# B3030 hydraulic problem



## Bruce Kovach (May 18, 2018)

A little history here.

About a year ago I had my full bucket left up overnight. After that when lowering my bucket (it would go extremely slow) I had to change my throttle position on my rear rototiller and then the bucket would easily go up and down.

About 2 weeks ago I changed my hydraulic liguid and both filters. (used tractor about 3 hours after that)

Today, while the bucket was up and I was moving some plants, I heard a noise and then the rototiller just completely lowered to the ground. After looking at what happened, I noticed that their was lots of hydraulic fluid that had been sprayed under the sean and even on both rear tires. I immediately turned off the tractor and lowered the bucket to the ground.
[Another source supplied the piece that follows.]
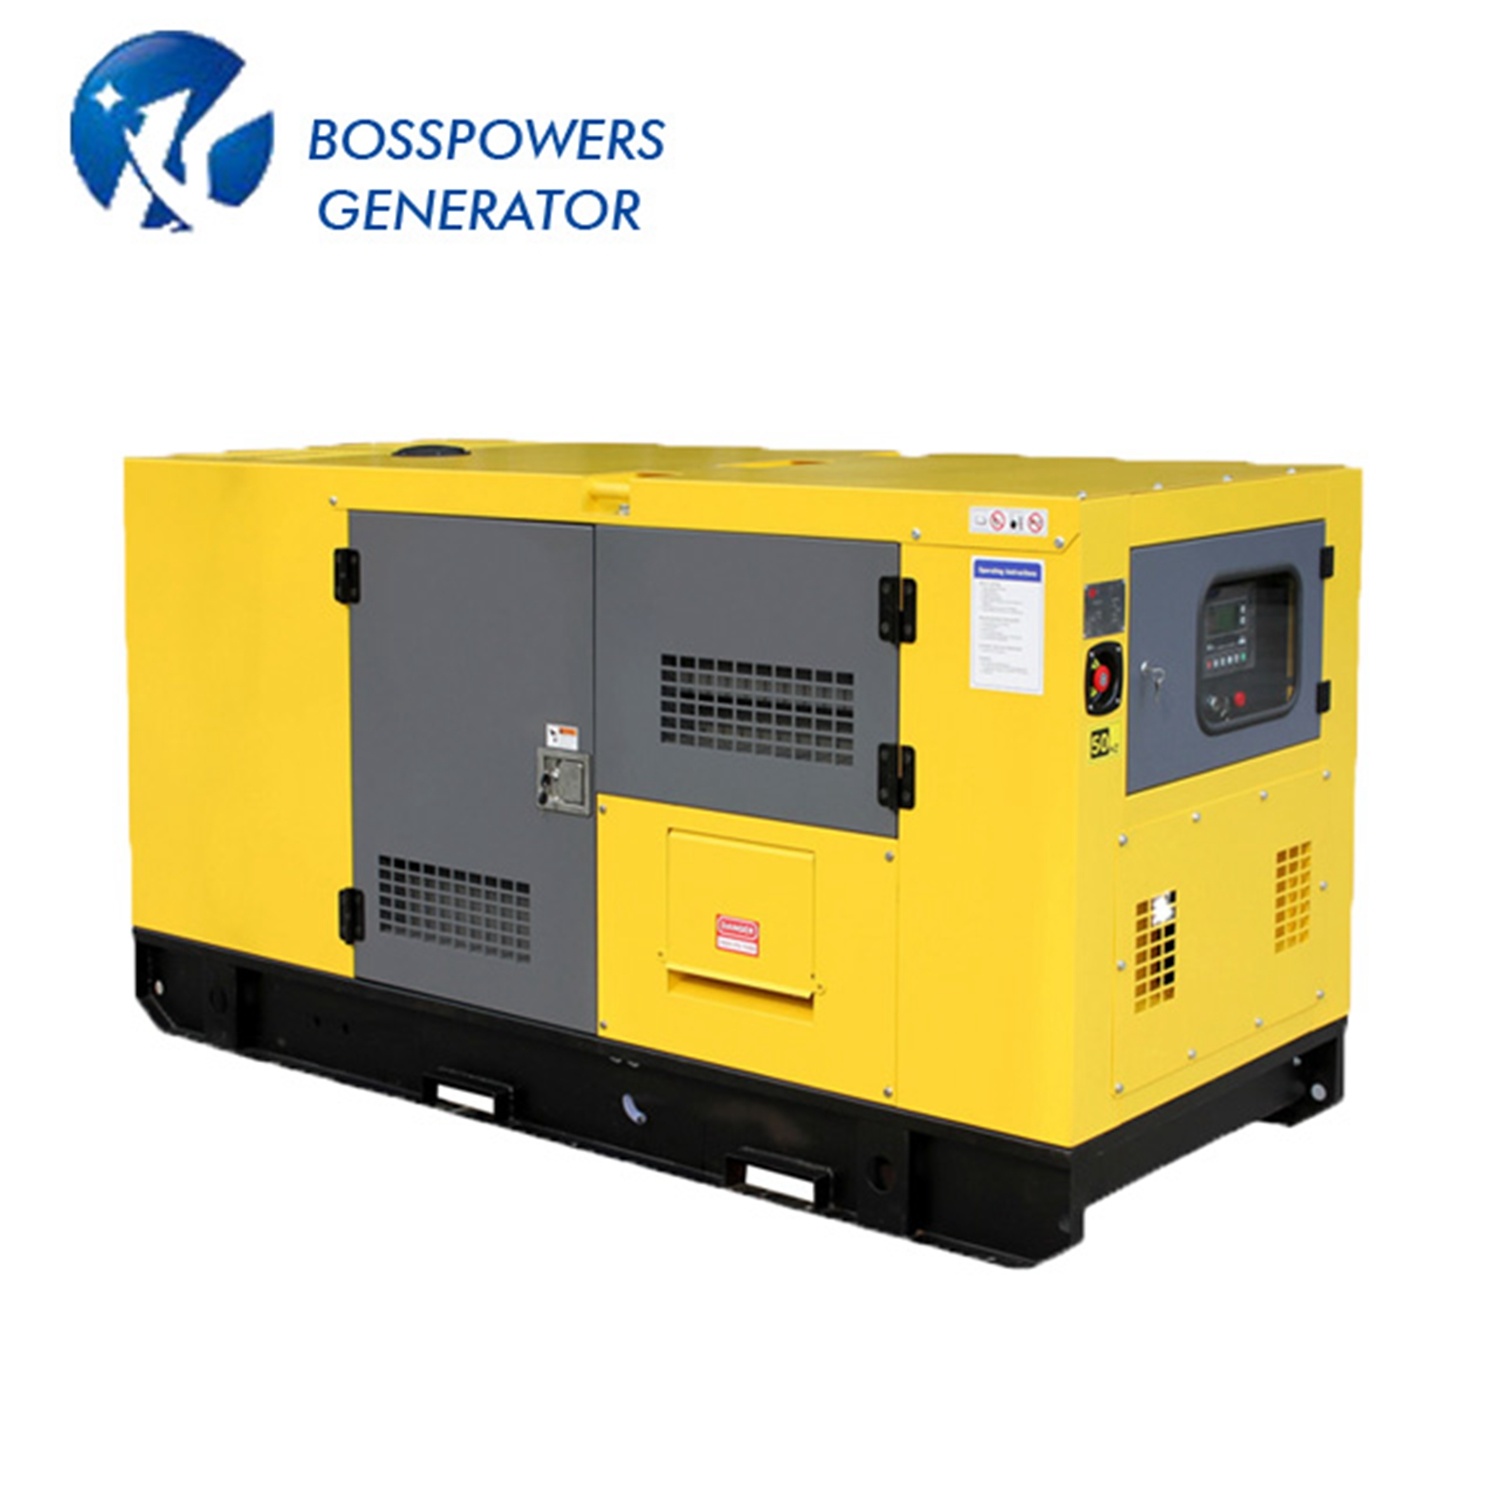 100kVA Diesel Generator Industrical Backup Powered by R6105azd

Don't know what to do now? Can someone help tell me what steps I need to do to find out my problem?

Thanks for all your help in advance.


----------



## Bruce Kovach (May 18, 2018)

One question. If the safety valve blew, does it reset itself or does it need to be replaced?


----------



## Bruce Kovach (May 18, 2018)

Thanks again for all your help in advance.


----------



## pogobill (Jan 31, 2012)

A few pictures may help us. It sounds like you blew something in your rear remotes / pipe fittings, that has cause a failure in the system and dumped your oil. You need to find out where the oil blew out and which controls cause the oil to spray out. That will also help us figure out what may have happened.
What was the reason to leave the bucket raised up over night?


----------



## Bruce Kovach (May 18, 2018)

pogobill said:


> A few pictures may help us. It sounds like you blew something in your rear remotes / pipe fittings, that has cause a failure in the system and dumped your oil. You need to find out where the oil blew out and which controls cause the oil to spray out. That will also help us figure out what may have happened.
> What was the reason to leave the bucket raised up over night?



The reason that I left the bucket up was a novice stupidy. I was filling pots with soil and I didn't want to bend over, so I raised it and forgot to lower it when I was finished for the day.

The attached picture is where the oil is escaping. I believe it is leaking from the seal showing in the attached picture.


----------



## pogobill (Jan 31, 2012)

You may have t clean that up a little with a rag and run the tractor to see if you can get it to leak again to see the exact problem area. You are right, it sure looks like the seal is compromised where the top is fastened to the case. Be careful working with hydraulic oil under pressure of any sorts.


----------